The derivative of the arcsine function is
$$\frac{d}{du}\arcsin(u) = \frac{1}{\sqrt{1-u^2}}.$$
So, using the Chain Rule, you would have
$$\frac{d}{dx}\frac{1}{2}\arcsin\left(\frac{2x}{1+x^2}\right) = \frac{1}{2}\left(\frac{1}{\sqrt{1 - \left(\frac{2x}{1+x^2}\right)^2}}\right)\left(\frac{2x}{1+x^2}\right)'.$$
The derivative of $\frac{2x}{1+x^2}$ is a simple application of either the Quotient Rule or the Product, Power, and Chain Rules:\
$$\begin{align*}
\frac{d}{dx}\left(\frac{2x}{1+x^2}\right) &= \frac{(1+x^2)(2x)' - 2x(1+x^2)'}{(1+x^2)^2}\\
&= \frac{2(1+x^2) - 2x(2x)}{(1+x^2)^2}\\
&= \frac{2 + 2x^2 - 4x^2}{(1+x^2)^2}\\
&= \frac{2(1-x^2)}{(1+x^2)^2}.
\end{align*}$$
The expression obtained from the derivative of $\arcsin(u)$ can use a bit of simplification too:
$$\begin{align*}
\frac{1}{\sqrt{1 - \left(\frac{2x}{1+x^2}\right)^2}} &= \frac{1}{\sqrt{1 - \frac{4x^2}{(1+x^2)^2}}}\\
&=\frac{1}{\sqrt{\frac{(1+x^2)^2 -4x^2}{(1+x^2)^2}}}\\
&= \frac{1}{\frac{\sqrt{1+2x^2+x^4 - 4x^2}}{|1+x^2|}}\\
&= \frac{|1+x^2|}{\sqrt{1-2x^2+x^4}}\\
&= \frac{1+x^2}{\sqrt{(1-x^2)^2}}\\
&= \frac{1+x^2}{|1-x^2|}.
\end{align*}$$
(Remember that $\sqrt{a^2}=|a|$, not $a$; we can get rid of the absolute value bars around $1+x^2$ because it is always positive; the same is not true with $1-x^2$).

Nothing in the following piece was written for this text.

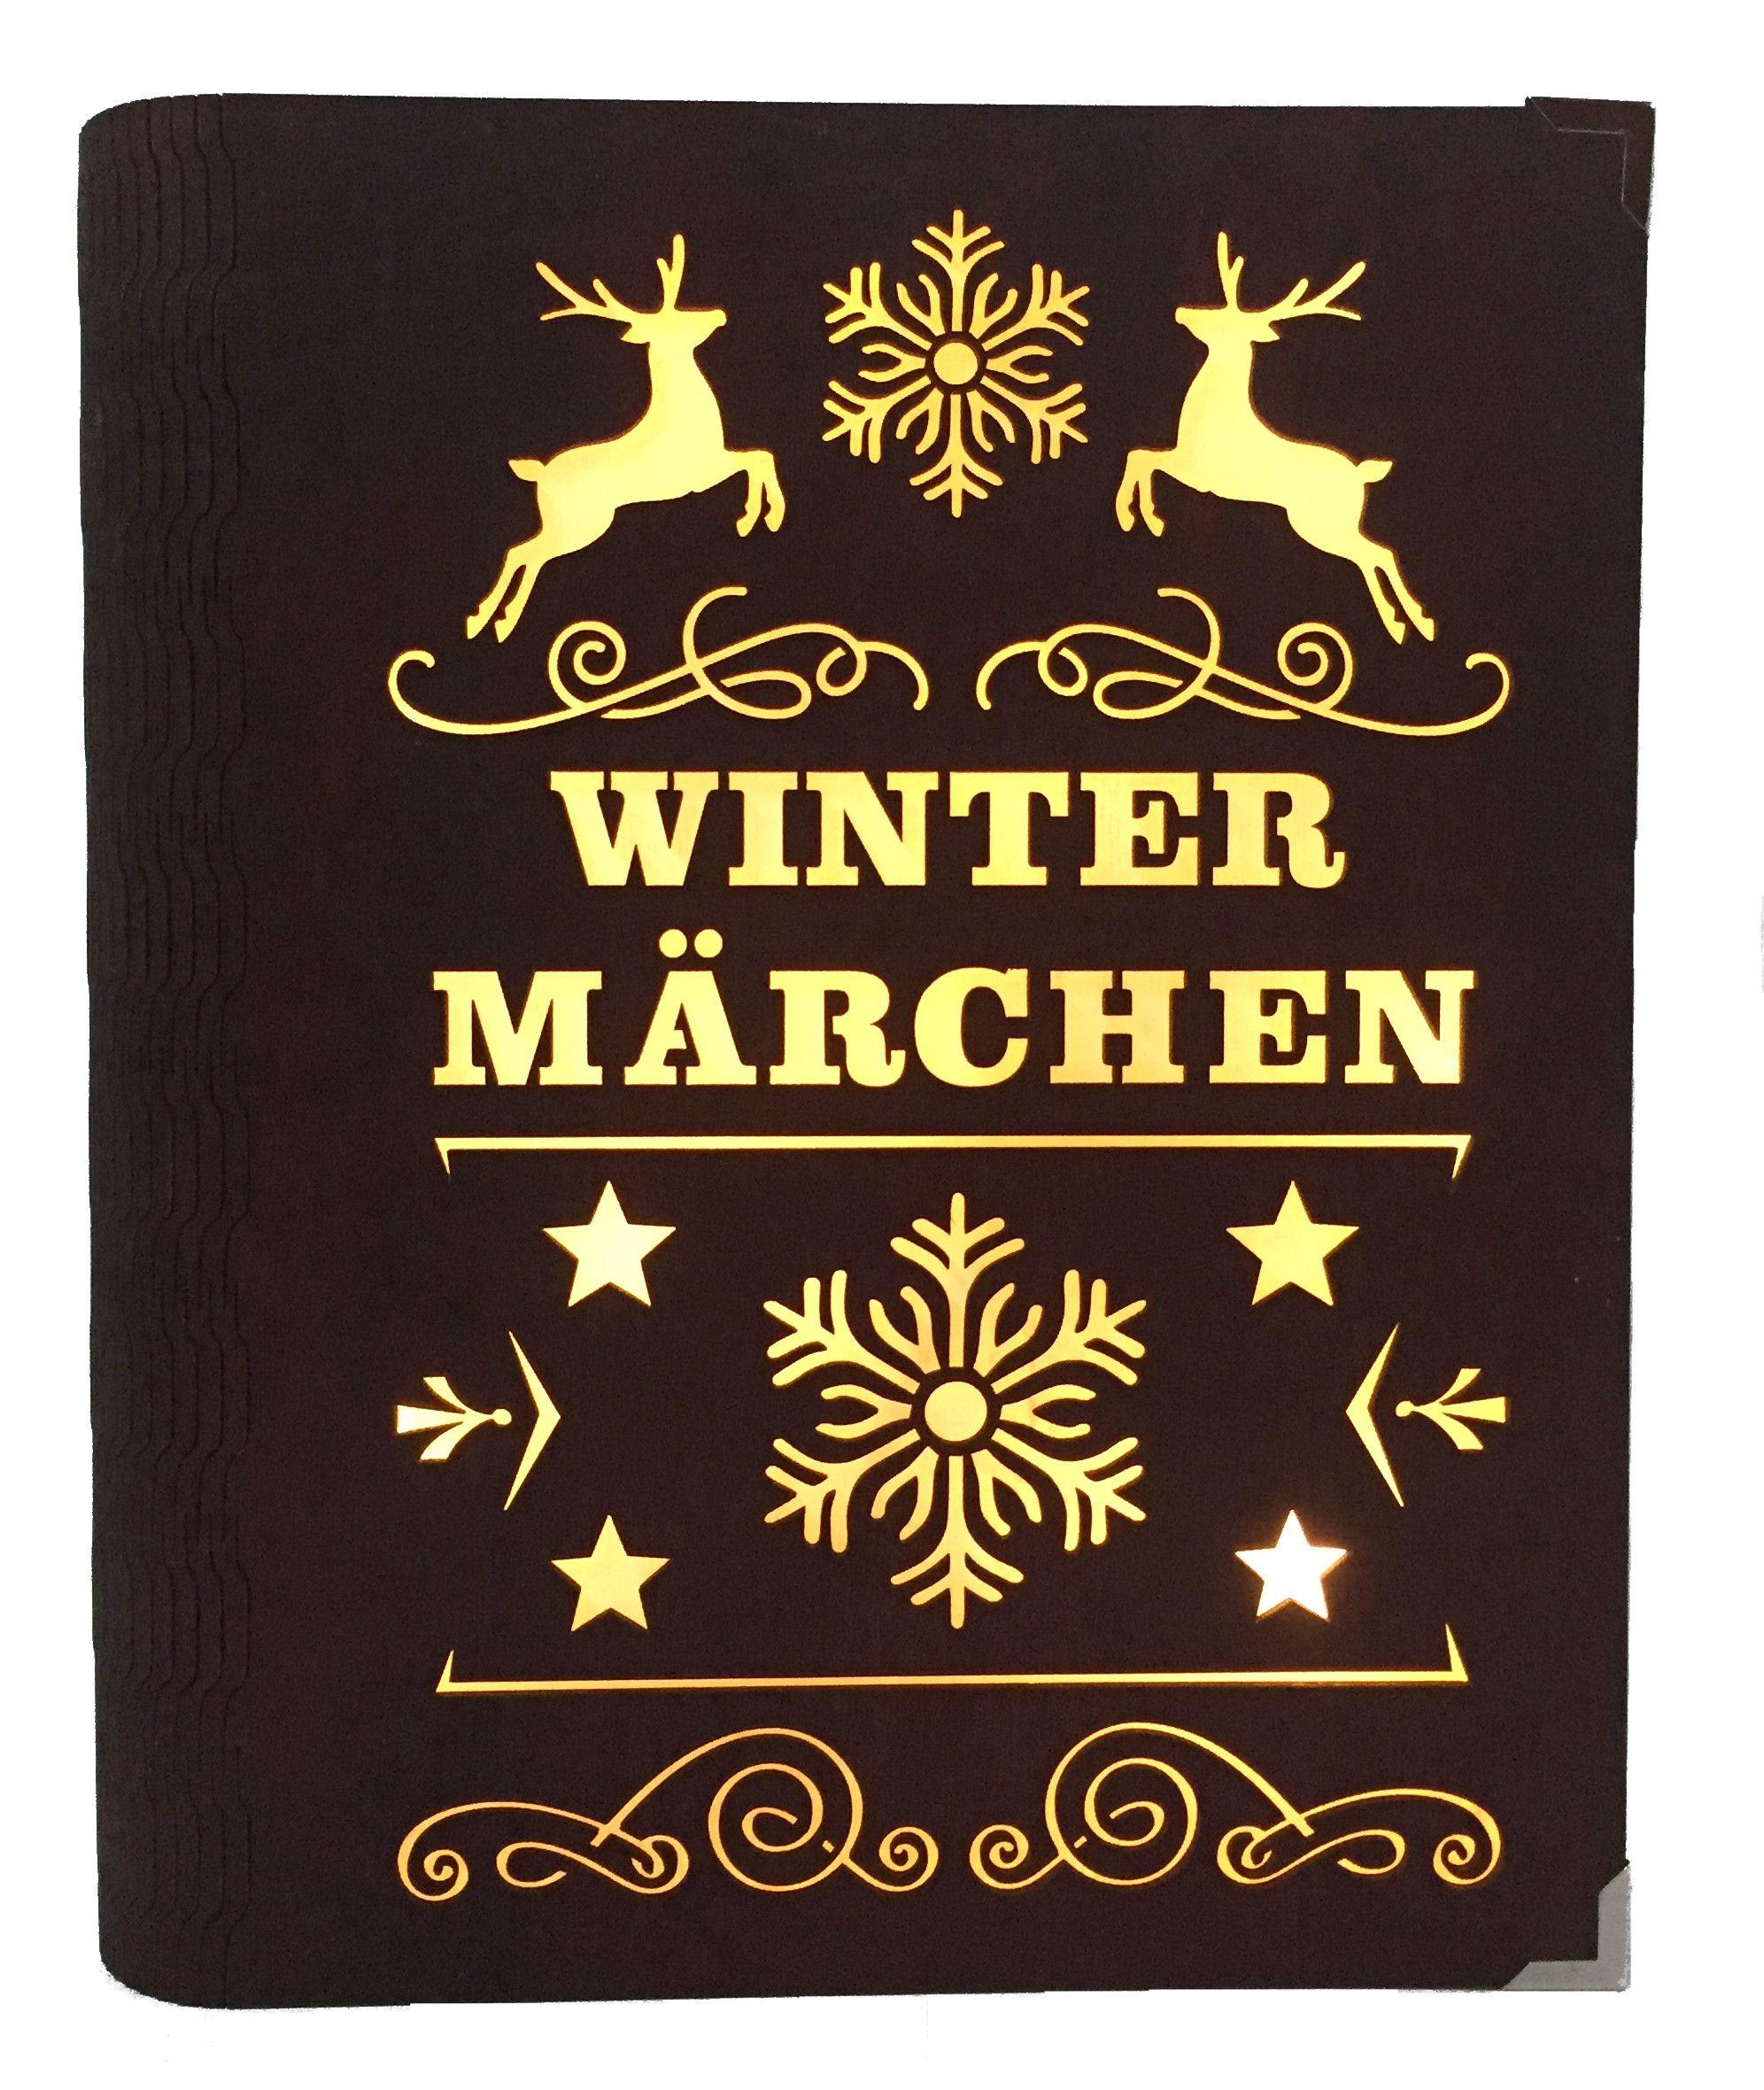 Weihnachtsdeko Beleuchtet.Dekobuch Wintermärchen Rot Beleuchtet Weihnachtsdeko Holz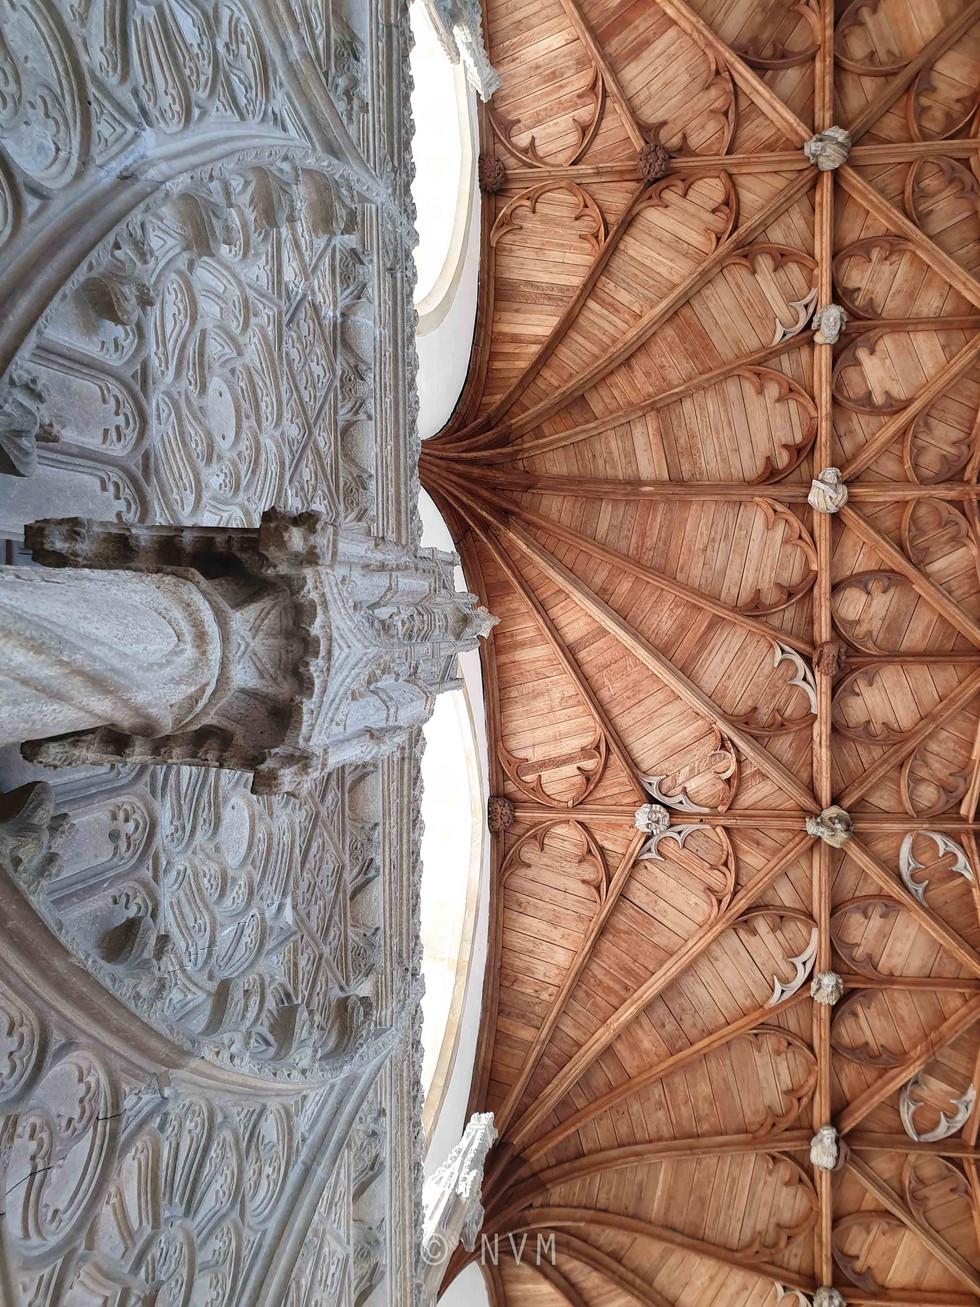 Fitzalan Chapel at Arundel Castle

Putting it all together, we have:
$$\begin{align*}
\frac{d}{dx}\frac{1}{2}\arcsin\left(\frac{2x}{1+x^2}\right) &= \frac{1}{2}\left(\frac{1}{\sqrt{1 - \left(\frac{2x}{1+x^2}\right)^2}}\right)\left(\frac{2x}{1+x^2}\right)'\\
&= \frac{1}{2}\left(\frac{1+x^2}{|1-x^2|}\right)\left(\frac{2(1-x^2)}{(1+x^2)^2}\right)\\
&= \frac{1-x^2}{(1+x^2)|1-x^2|}.
\end{align*}$$
This can be rewritten with the "sign function",
$$\mathrm{sgn}(u) = \left\{\begin{array}{ll}
1 & \text{if }u\gt 0;\\
-1 &\text{if }u\lt 0.
\end{array}\right.$$
as
$$\frac{d}{dx}\frac{1}{2}\arcsin\left(\frac{2x}{1+x^2}\right) = \frac{\mathrm{sgn}(1-x^2)}{1+x^2}.$$
It's also possible your book was not careful with the square root of the square, so that the answer given is just
$$\frac{1}{1+x^2}.$$